The biggest verifiable gap is that left and center-left outlets more often explain the disputed MOU/Hormuz-route issue and the possible war-crime implication of civilian-infrastructure threats, while right outlets more often frame the same U.S. strikes as straightforward retaliation for Iranian aggression.

The Left View
Left-leaning coverage generally emphasized the fragility and possible collapse of the ceasefire, the human and economic risks of escalation, and the ambiguity in the June memorandum over who controls maritime arrangements in the Strait of Hormuz. Mainstream outlets such as NBC, BBC and NPR focused on the sequence of attacks, retaliation, sanctions-waiver revocation, oil-price spikes and the risk that diplomacy over Iran’s nuclear program and Hormuz traffic could unravel. The Guardian and similar outlets gave more weight to Iran’s claim that the U.S. was violating the agreement by opening routes without Iranian permission and revoking oil relief, while also noting that Iran’s proposed fees for shipping resemble a coercive protection scheme and likely conflict with freedom-of-navigation norms. More progressive sources highlighted Trump’s inflammatory language, threats against infrastructure such as power and desalination plants, and the risk that expanded U.S. strikes could amount to unlawful escalation or war crimes if civilian infrastructure is targeted.
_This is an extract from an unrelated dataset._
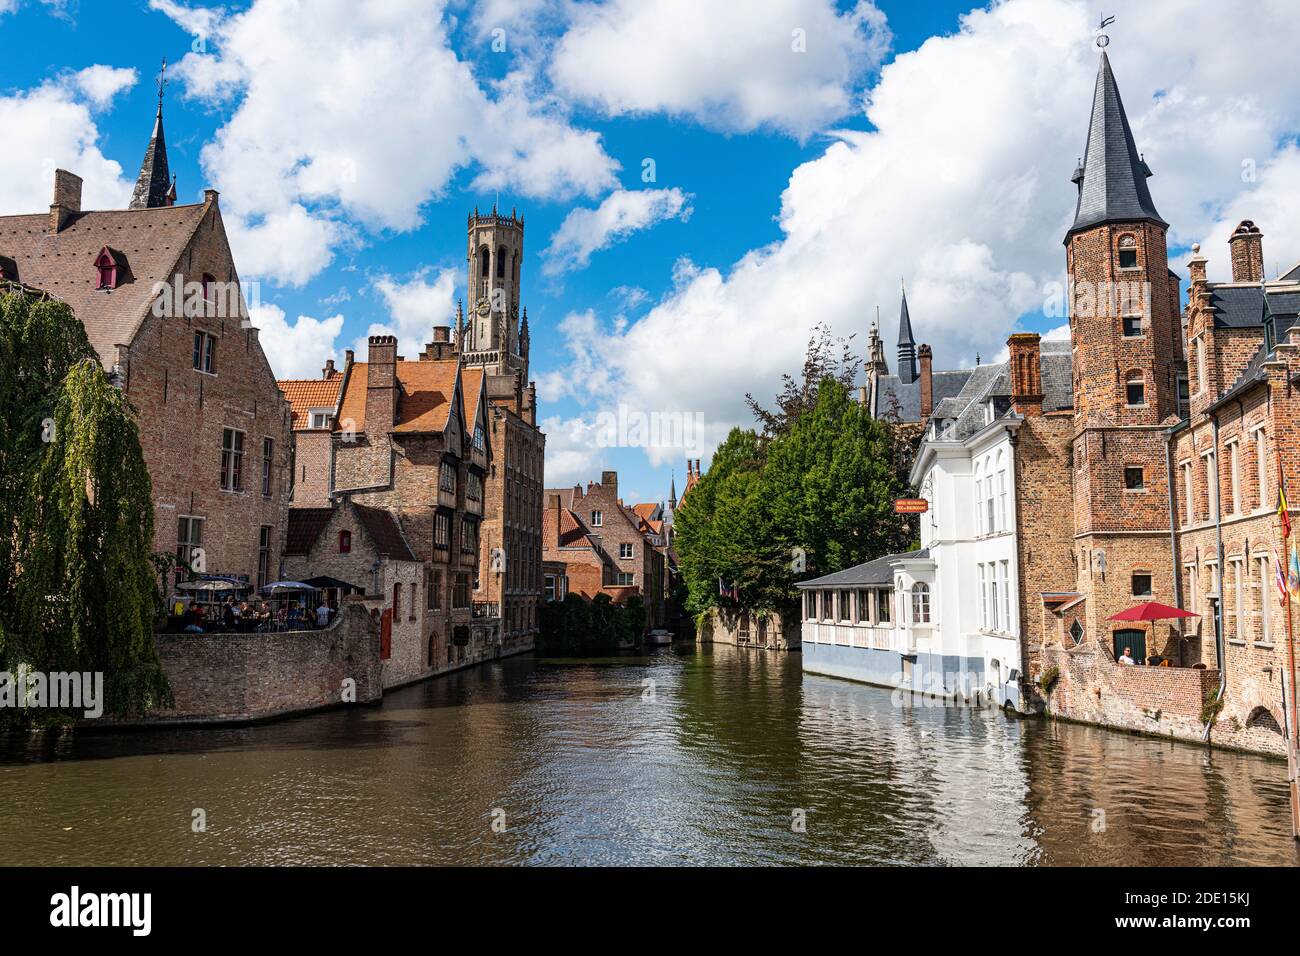 Rozenhoedkaai avec le beffroi, Bruges, site classé au patrimoine mondial de l'UNESCO, Belgique, Europe Banque D'Images

Across the left-leaning set, the dominant framing was that Iran’s ship attacks were dangerous, but that U.S. military escalation and sanctions snapback could make a negotiated settlement harder and deepen global economic instability.
The Right View
Right-leaning coverage framed the events primarily as Iranian aggression and a clear violation of a performance-based ceasefire agreement, requiring U.S. punishment to protect innocent crews, commercial shipping and the free flow of energy through the Strait of Hormuz. Conservative outlets emphasized that Iran attacked or threatened commercial vessels despite receiving sanctions relief, so reinstating oil sanctions and striking IRGC boats, missile sites, radar and air defenses were portrayed as justified consequences. They highlighted Trump’s argument that Iran’s leaders are dishonest, irrational and cannot be trusted with nuclear capabilities, and presented his threats of further force as necessary deterrence after Tehran targeted U.S. bases and Gulf allies. Some right-leaning analysis also argued that Iran’s demand to control routes or charge fees in Hormuz would reward extortion and destabilize U.S. partners, including Gulf states and Oman. While most conservative coverage supported a strong response, several analysts cautioned that Trump appears to want punitive strikes without a full-scale war, and that continued escalation could still risk broader conflict and higher energy prices.
Our Take (balanced)
The strongest argument from the right is that attacks on commercial ships in the Strait of Hormuz cannot be treated as routine bargaining tactics: the waterway is central to global energy flows, and failing to respond could invite more coercion against civilian shipping and U.S. allies. The U.S. also has a plausible case that sanctions relief was conditional and that Iran’s attacks undermined the very safe-passage commitments that justified the waiver. The strongest argument from the left is that military retaliation and sanctions snapback may be legally and strategically risky if the memorandum’s Hormuz provisions are ambiguous, and Trump’s threats against civilian infrastructure are especially dangerous. The bigger problem is that both sides appear to be using force to shape negotiations while publicly declaring the other side untrustworthy, which makes accidental escalation more likely. A durable path would require immediate deconfliction for shipping, a clarified neutral transit regime for Hormuz, restraint on strikes outside military targets, and renewed talks that separate freedom of navigation from broader disputes over sanctions and Iran’s nuclear program.